Lockdowns May Have Only Reduced Covid Mortality by .2%

I expect that everyone thought the lockdowns were more effective:

Apparently, according to the article:

The report has not been peer-reviewed.

The researchers — who deal in the field of economics, rather than medicine or public health — originally identified 18,590 global studies into lockdowns, which they claim had to be whittled down to just 24 to answer their research question.

Critics have accused them of ‘cherry-picking’ studies to suit their narrative and have raised doubts about the biases of its authors, who have been vocal about lockdowns and vaccine mandates on social media.

The report was led by Steve Hanke, a founder of the Johns Hopkins School of Applied Economics.

He has been an outspoken critic of economically-damaging restrictions throughout the pandemic, describing jab mandates as ‘fascist’ and an open supporter of the Great Barrington Declaration - a controversial alternative strategy endorsed by thousands of top scientists at the start of the pandemic.

The GBR - signed before vaccines were on the horizon - advocated shielding the most elderly and allowing the virus to spread in younger age groups, to build up natural immunity.

Also:

To come to their findings, the researchers said they whittled down 18,590 global studies on lockdown and lockdown restrictions to 117.

The criteria for the studies to be eligible were they must measure the effect of lockdown on mortality and use an ‘empirical approach’ - meaning to use real-world data.

These were then boiled down to just 34 papers, with the others discarded for various reasons, including being duplicates or papers written by student papers.

Reasons for excluding others were vague, however, with nine papers left out because they had ‘too few observations’ and nine more because they ‘only looked at timing’.
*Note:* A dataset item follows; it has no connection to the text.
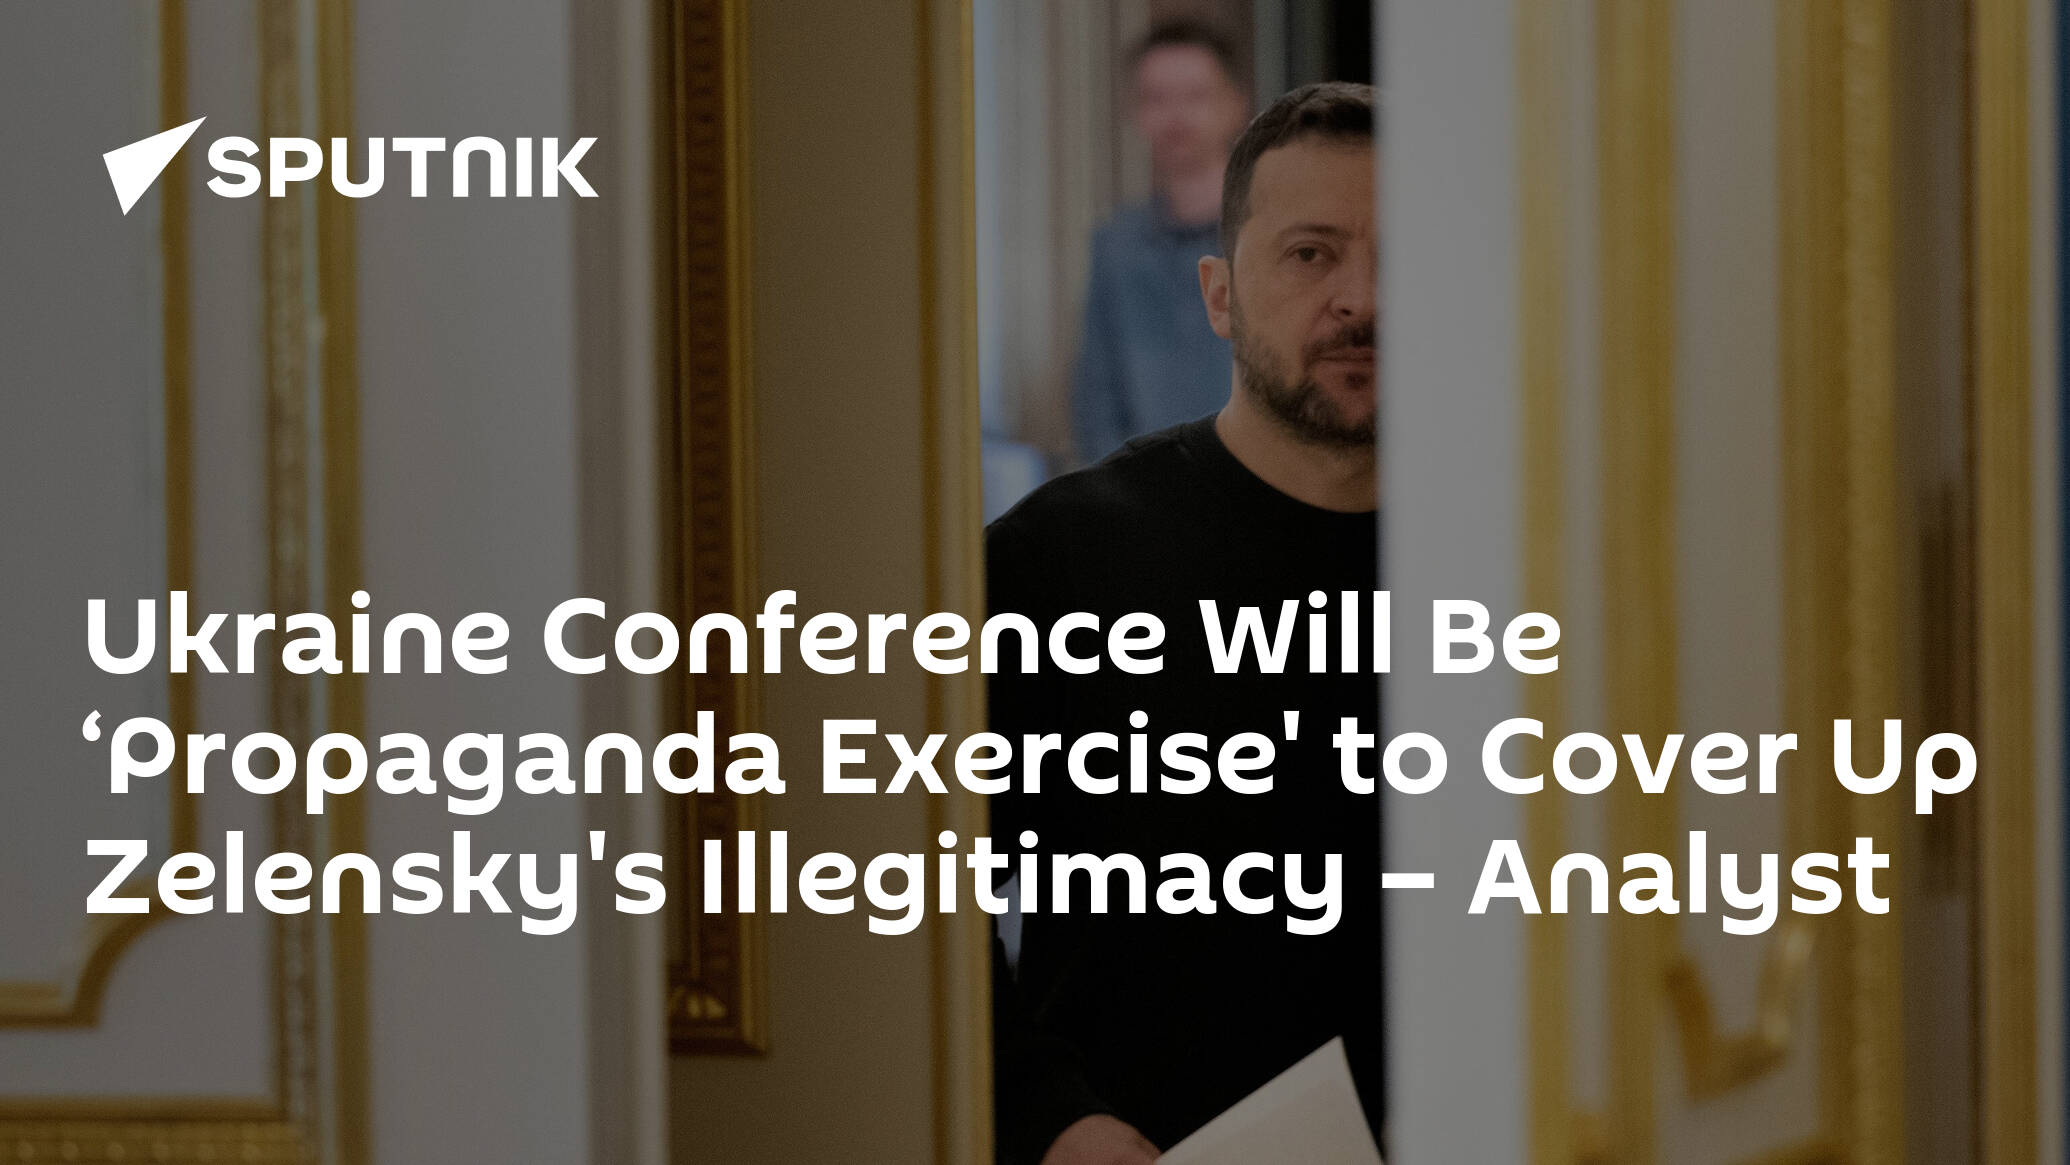 Ukraine onference Will Be Propaganda Exercise' to Cover Up Zelensky's

At least two studies - one in the UK - that found clear drops in Covid deaths by comparing the rate directly before and after a lockdown were left out because the researchers claimed they may have been biased by ‘time-dependent factors’ such as seasonality.

A popular paper which claimed 3million lives in Europe had been saved due to the spring 2020 lockdowns was also excluded - because it relied on modelling.
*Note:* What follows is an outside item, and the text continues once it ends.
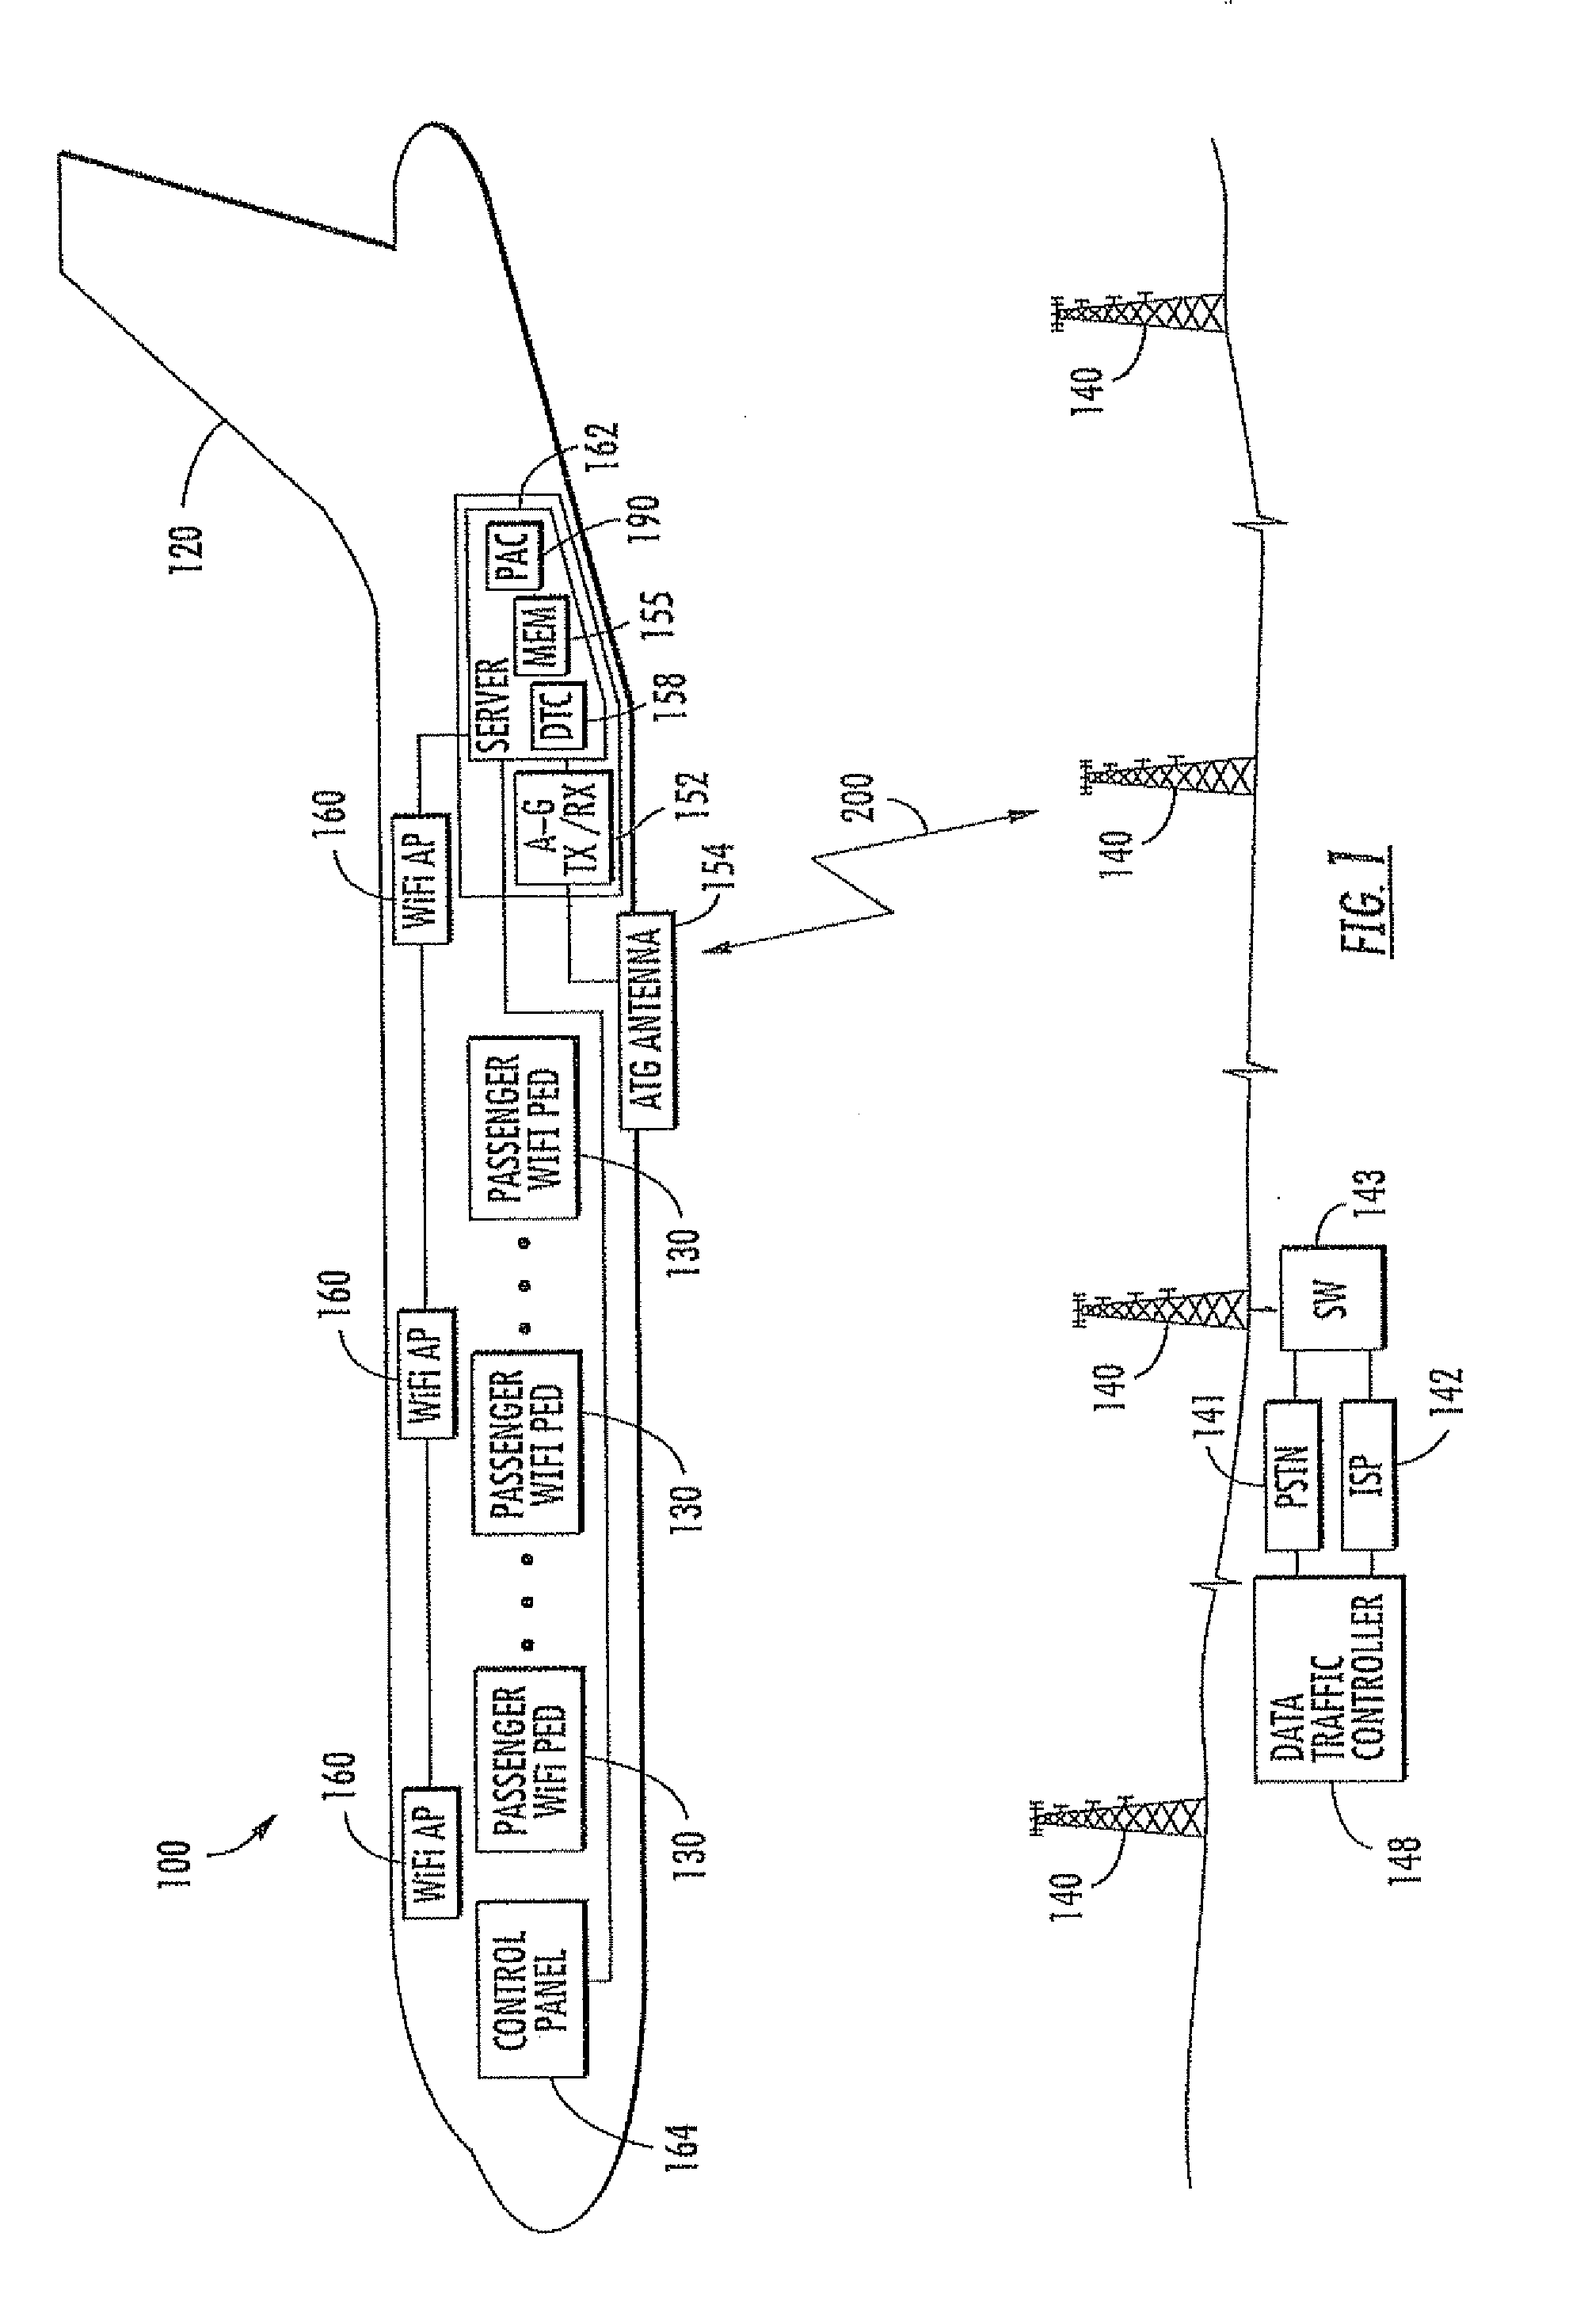 Aircraft communications system with video file library and associated methods

Crucially, the researchers also left out studies which looked at early lockdowns in countries which managed to suppress Covid and record extremely low death rates during the pandemic through incredibly strict lockdowns and border controls — such as China, Australia and New Zealand.

Concerning the UK:

Earlier this month, UK Prime Minister Boris Johnson announced the end of all pandemic related restrictions, including the end of mask mandates, some capacity restrictions, and work from home orders. Testing requirements for Britons to return to the nation will be dropped in the coming weeks as well.

This comes after a miraculous (sic) turnaround for the nation that was struck early by the variant, and was struck so hard some officials feared the nation’s hospital system would be overwhelmed.

The UK is averaging just under 90,000 Covid cases per day as of Monday morning, a far fall from the peak of over 180,000 cases earlier this month.

That “90,000 Covid cases per day” (2,700,000 per month) is a far cry from the low of 2,000 cases per day of May last year:

IMO, “COVID mortality” is just one aspect of the effects of the pandemic and one which is, more or less in the UK, under control, a far cry from the appalling casualties of 2020 and 2021:

If 90,000 cases per day are now being recorded then, if rules are being followed, each of those cases must self-isolate for 10 days:

What to do if you’re told to self-isolate

If you’re told to self-isolate by NHS Test and Trace or the NHS COVID-19 app because you’ve been in contact with someone who has COVID-19:

  • self-isolate straight away and get a PCR test on GOV.UK as soon as possible – only leave your home to get a test
  • try to avoid contact with anyone you live with as much as possible

Don’t

  • do not go to work, school or public places
  • do not go on public transport or use taxis
  • do not go out to get food and medicine – order it online or by phone, or ask someone to bring it to your home
  • do not have visitors in your home, including friends and family – except for people providing essential care
  • do not go out to exercise – exercise at home or in your garden, if you have one

Now, my maths isn’t brilliant but I calculate that 10 days self-isolation for reported new cases per month in the UK totals 27,000,000 “lost” days, whether at work, home or in education, for that month.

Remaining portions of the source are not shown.